Encoding <combining abbreviation mark> (was: Re: A sign/abbreviation for "magister")
Marcel Schneider via Unicode
unicode at unicode.org
Sun Nov 4 02:24:57 CST 2018
On 03/11/2018 23:50, James Kass via Unicode wrote:
> When the topic being discussed no longer matches the thread title,
> somebody should start a new thread with an appropriate thread title.
Yes, that is what also the OP called for, but my last reply though
taking me some time to write was sent without checking the new mail,
so unfortunately it didn’t acknowledge. So let’s start this new thread
to account for Philippe Verdy’s proposal to encode a new format control.
But all what I can add so far prior to probably stepping out of this
discussion is that the industry does not seem to be interested in this
initiative. Why do I think so?
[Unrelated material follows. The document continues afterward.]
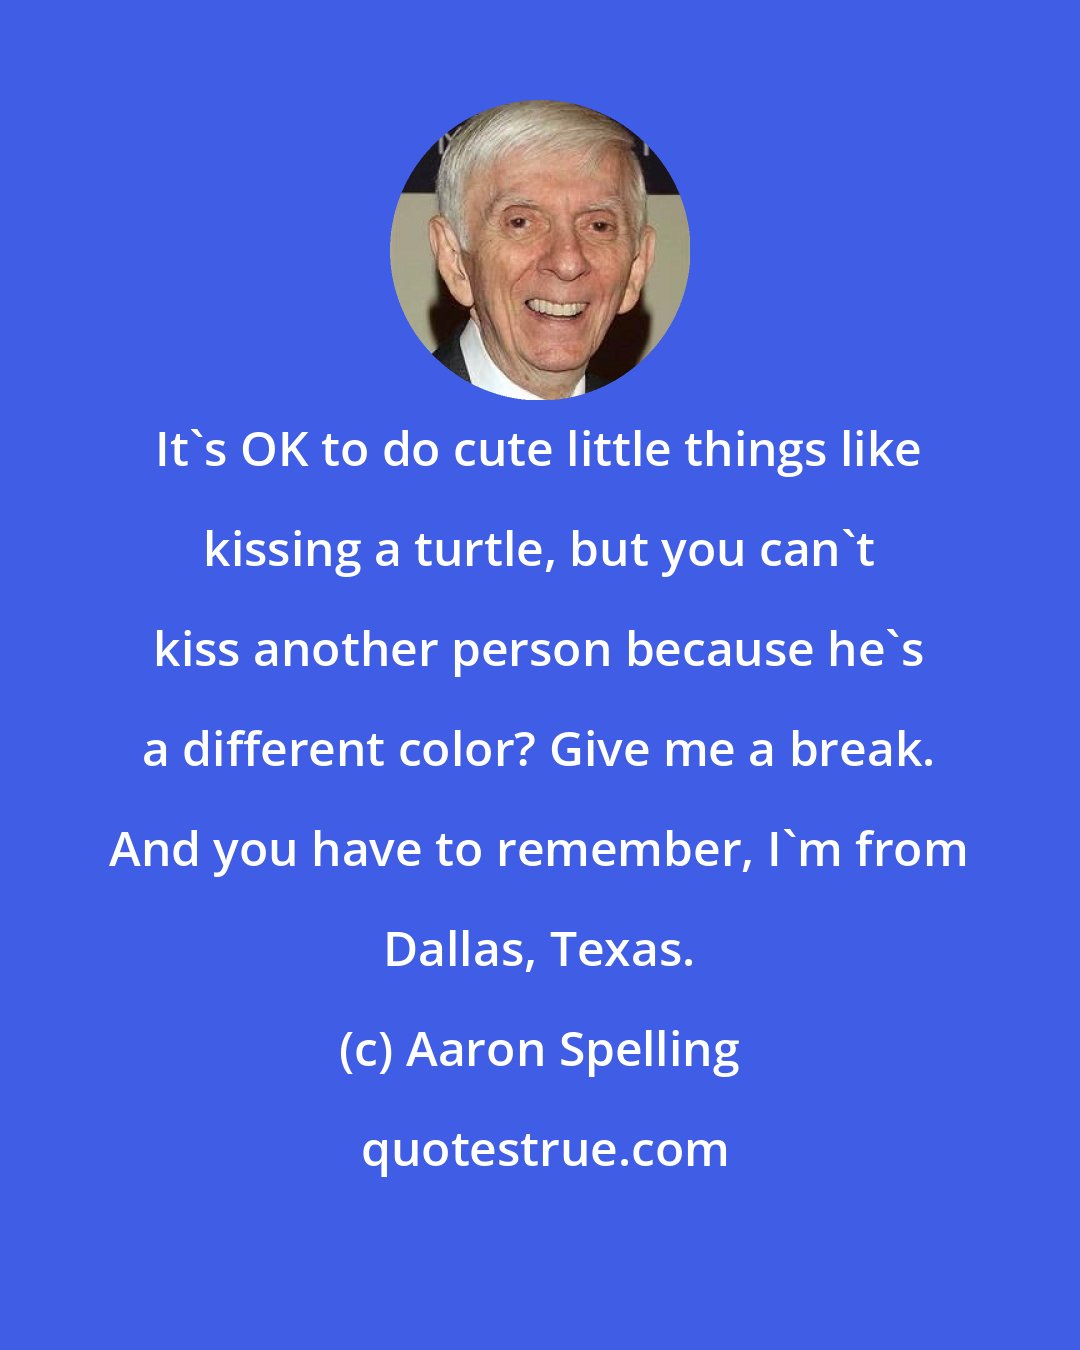 Aaron Spelling: It's OK to do cute little things like kissing a turtle, but you can't kiss another person because he's a different color? Give me a break. And you have to remember, I'm from Dallas, Texas.

As already discussed on this List, even
the long-existing FRACTION SLASH U+2044 has not been implemented by
major vendors, except that HarfBuzz does implement it and makes its
specified behavior available in environments using HarfBuzz, among
which some major vendors’ products are actually available with
As a result, the Polish abbreviation of Magister as found on the
postcard, and all other abbreviations using superscript that have
been put into parallel in the parent thread, cannot be reliably
encoded without using preformatted superscript, so far as the goal
is a plain text backbone being in the benefit of reliable rendering
support, rather than a semantic-centered coding that may be easier
to parse by special applications but lacks wider industrial support.
If nevertheless, <combining abbreviation mark> is encoded and will
gain traction, or rather reversely: if it gains traction and will be
encoded (I don’t know which way around to put it, given U+2044 has
been encoded but one still cannot seem to be able to call it widely
implemented), I would surely add it on keyboard layouts if I will
still be maintaining any in that era.